ASUS raises Radeon RX 9070 XT prices by up to 17.5% (r/Amd)

r/Amd

ASUS, a prominent hardware manufacturer, has announced a significant price increase for its Radeon RX 9070 XT graphics cards, with prices rising by up to 17.5%. This adjustment reflects a dynamic and often volatile GPU market, influenced by factors such as fluctuating component costs, global supply chain disruptions, and shifting consumer demand. While the specific rationale behind ASUS's decision for this particular increase was not explicitly detailed in the original report, such moves are generally indicative of broader economic pressures impacting manufacturing and distribution.
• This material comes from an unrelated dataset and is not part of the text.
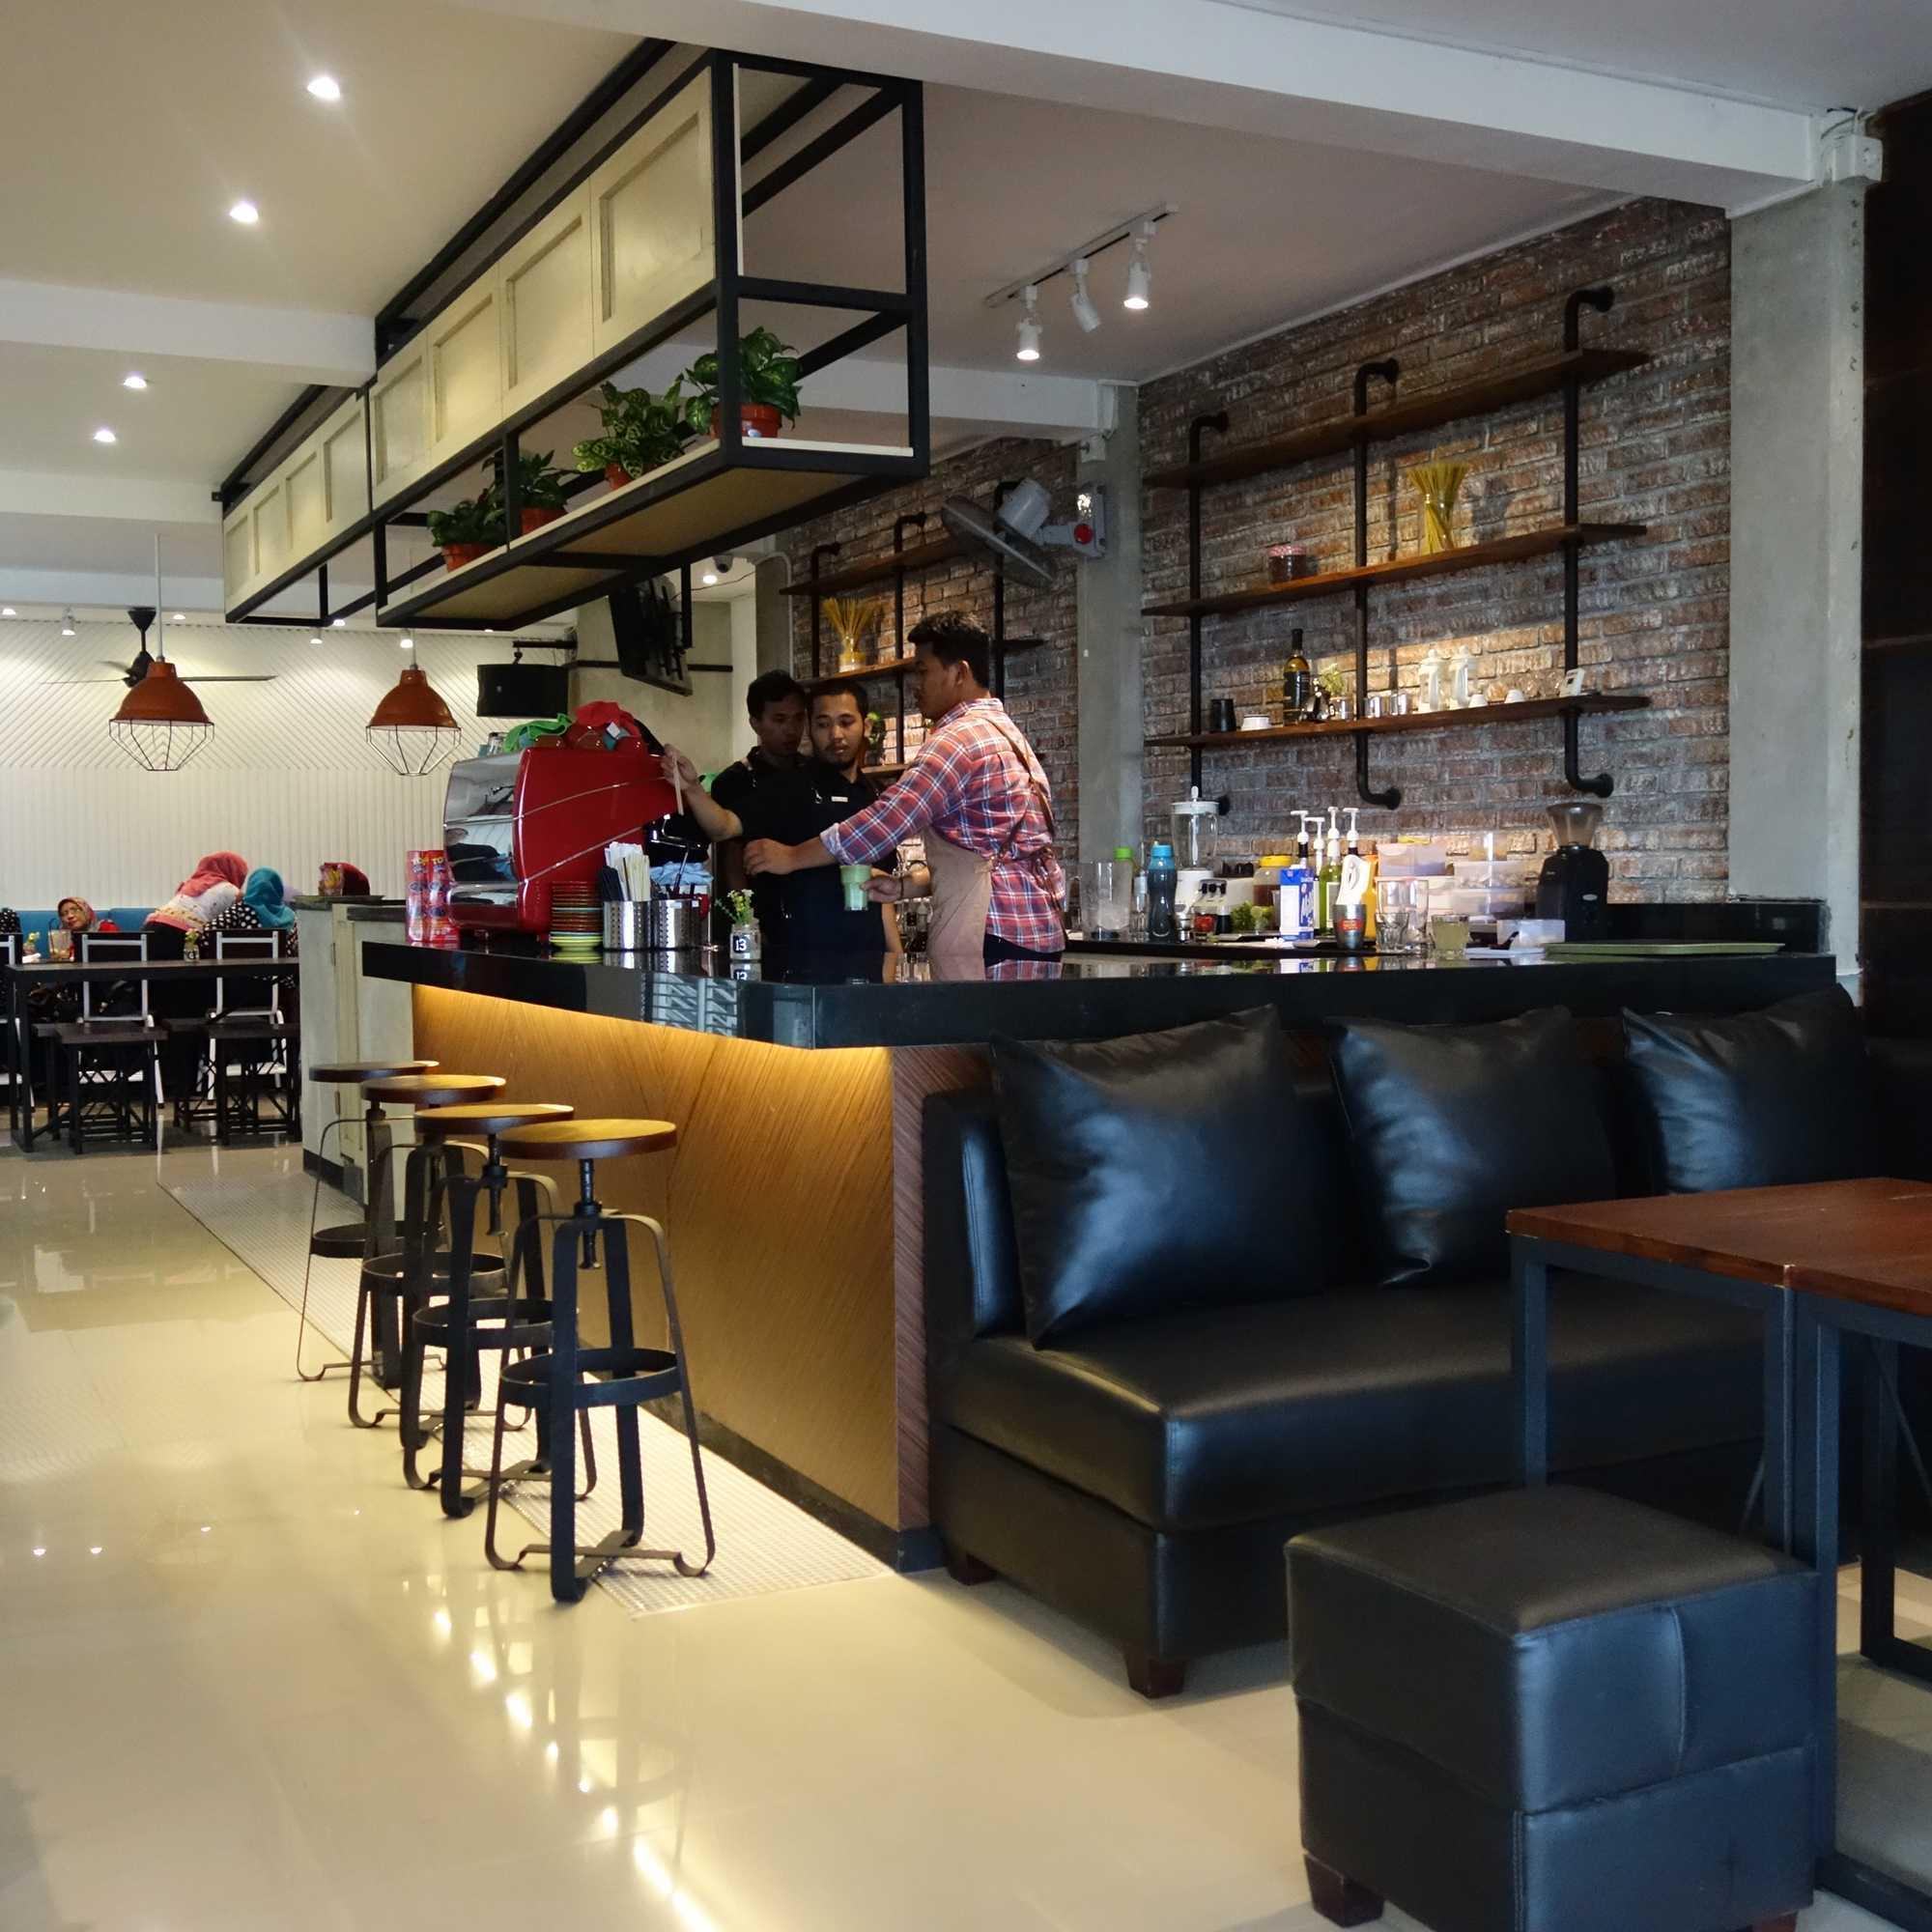 Aditya Wira Hardi Prague Coffee And Eatery Madiun, Kota Madiun, Jawa Timur, Indonesia Madiun, Kota Madiun, Jawa Timur, Indonesia Aditya-Wira-Hardi-Prague-Coffee-And-Eatery   65905

This makes the Radeon RX 9070 XT, a crucial offering in AMD's current generation of mid-to-high-range GPUs, more expensive for end-users and system builders. For consumers, enthusiasts, and professional developers, this price hike translates to a higher investment required for acquiring a Radeon RX 9070 XT. This can influence purchasing decisions, alter budgeting for new PC builds or upgrades, and potentially shift market dynamics as buyers evaluate cost-performance ratios against competing GPUs from NVIDIA. Understanding these market movements is essential for anyone tracking the accessibility and overall financial landscape of current-generation GPU hardware. While not a technical benchmark or a driver release, changes in GPU pricing from major AIB partners directly impact the availability and perceived value of the hardware itself, making it a relevant piece of news for those focused on the GPU hardware segment. It underscores the economic realities that underpin the tech industry, affecting everything from individual consumer choices to large-scale data center procurement.

A nearly 18% price hike on a key AMD GPU like the RX 9070 XT means significant shifts in BOM or market demand. It's a clear signal for developers planning GPU clusters or upgrades to factor in potential cost volatility.